Over half of data scientists are reportedly suffering from some level of work-related stress, with one in four men and almost a third of women identified as being heavily stressed, according to new research into ‘What Makes a Great Data Scientist?’ by SAS, the leader in business analytics software and services. This evolving profession is undergoing rapid change from increased industry demand and a shortage of data scientists with relevant skills.
Research shows that the economy has driven a need for 69,000 additional big data specialists over the period 2012-2017, with 60 per cent of businesses already struggling to hire people with data science skills[i]. Such pressures mean some data scientists are taking on responsibilities unsuited to their personality types and skills, as the importance of big data analytics to organisations grows.
Data scientists work to uncover insights from big data to help organisations in every industry whether it be predicting fraudulent transactions in financial services, identifying and retaining loyal customers, or accelerating research into treatments for diseases such as cancer. SAS’ psychometric analysis of almost 600 data scientists indicates that one in four are changing their natural behaviour to align themselves more closely to the changing needs of their role.
This kind of adaptation is common in a fast-growing specialist discipline. However, substantial behavioural adjustment is not sustainable in the long term, as intense work-related stress leads to burn out.
To reduce stress in what the Harvard Business Review has dubbed the Sexiest Job of the 21st Century, organisations must address the skills gap and also clarify the multiple job roles and responsibilities within the data science profession. The requirements of data science are becoming much more varied, so will tend to require a blended team approach rather than individuals with similar skills and personality traits. The SAS research, which explored the attributes that make a great data scientist, identified ten personality groups within the profession, of which six accounted for almost 90 per cent of respondents. While traditional technical skills dominated, a significant proportion displayed strong creative and communication skills.
The surveyidentified the following top six personality profiles:
The Geeks made up the largest group of respondents (41%). They have a technical bias, strong logic and analytical skills. They focus on detail. Roles include: defining system requirements, designing processes, and programming.
The Gurus (11%) are pre-disposed to scientific and technical subjects but are persuasive communicators with strong social skills. Roles include: promoting data science benefits to management.
The Drivers (11%) are highly pragmatic and determined to realise their goals. They are self-confident and results-oriented. Roles include: project management and team leadership.
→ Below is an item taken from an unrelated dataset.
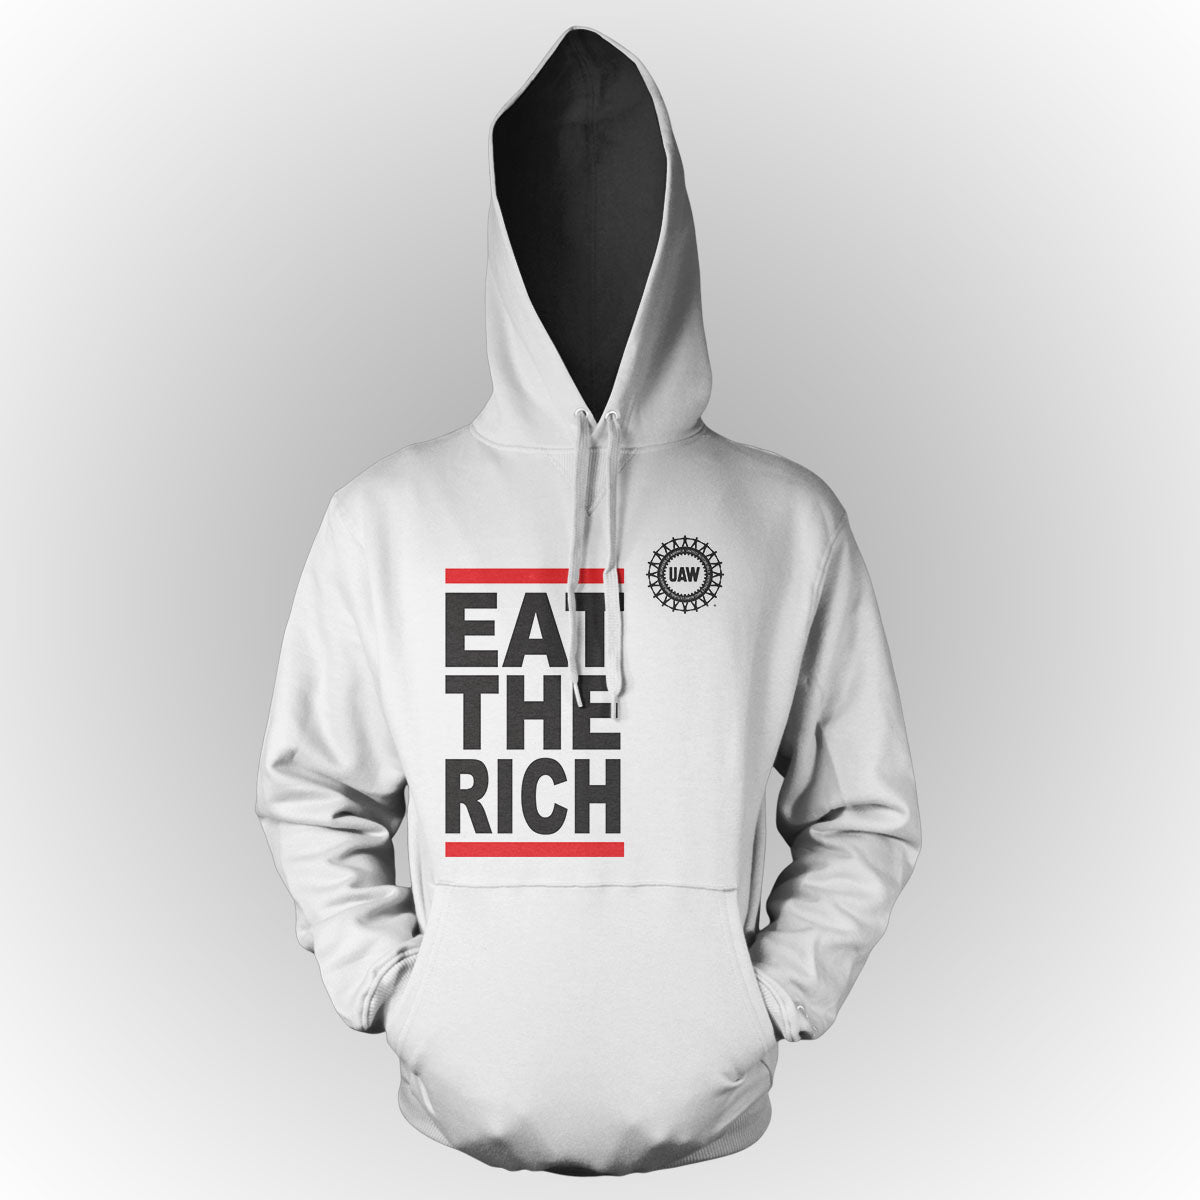 UAW Eat The Rich Apparel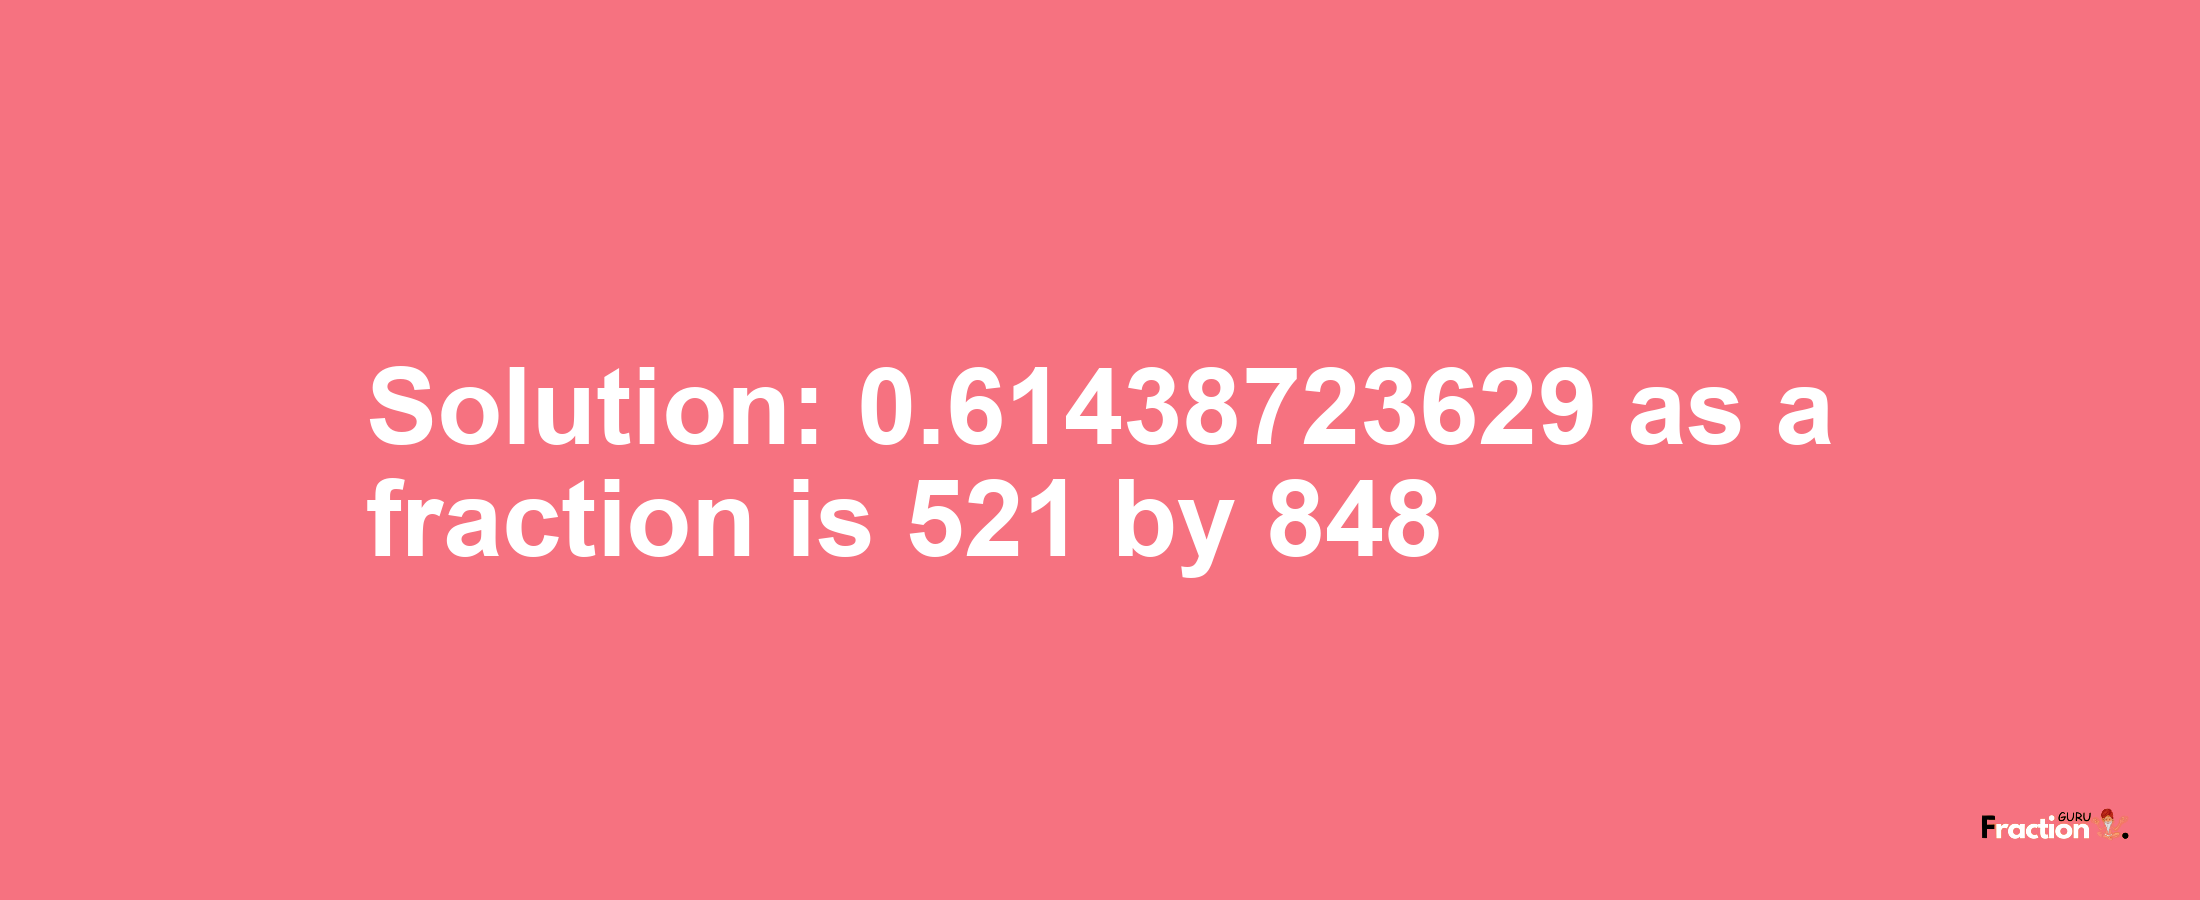 Solution:0.61438723629 as a fraction is 521/848

The Crunchers (11%) like routine and display high technical competence. Roles include: technically oriented support roles such as data preparation and entry, statistical analysis and data quality control.
· The Deliverers (7%) have technical skills but also bring focus and momentum to ensure project success. Roles include: project and man management with a high level of technical knowledge.
· The Voices (6%) generate enthusiasm for data science at a conceptual level with their strong, inspiring communication skills. Roles include : presentation of results to senior business audiences.
The fast evolution and demanding nature of the data science discipline, and the importance for businesses, highlights the need to build diverse, complementary and highly-skilled teams.
'Better definition of roles within data science must be a priority to avoid an analytics talent burn out,' said Peter Robertshaw, Marketing Director at SAS UK & Ireland.
'Unlocking insights from big data is the challenge of the 21st century and data scientists are a precious resource. Organisations must recognise the need to create teams that are technically proficient, mathematically gifted, business savvy as well as being great communicators. If we are to reduce stress for data scientists, organisations need to address the underlying causes. This should be combined with an industry effort to develop the range of skills needed and a push to attract more people into this vital, evolving discipline.'
The SAS ‘What Makes a Great Data Scientist?’ survey was launched in summer 2014. It invites data scientists to complete a confidential, online psychometric survey comprising 24 questions. The survey is based on the well-established DISC profiling methodology, used to categorise respondents into a range of personality types with recognised characteristics.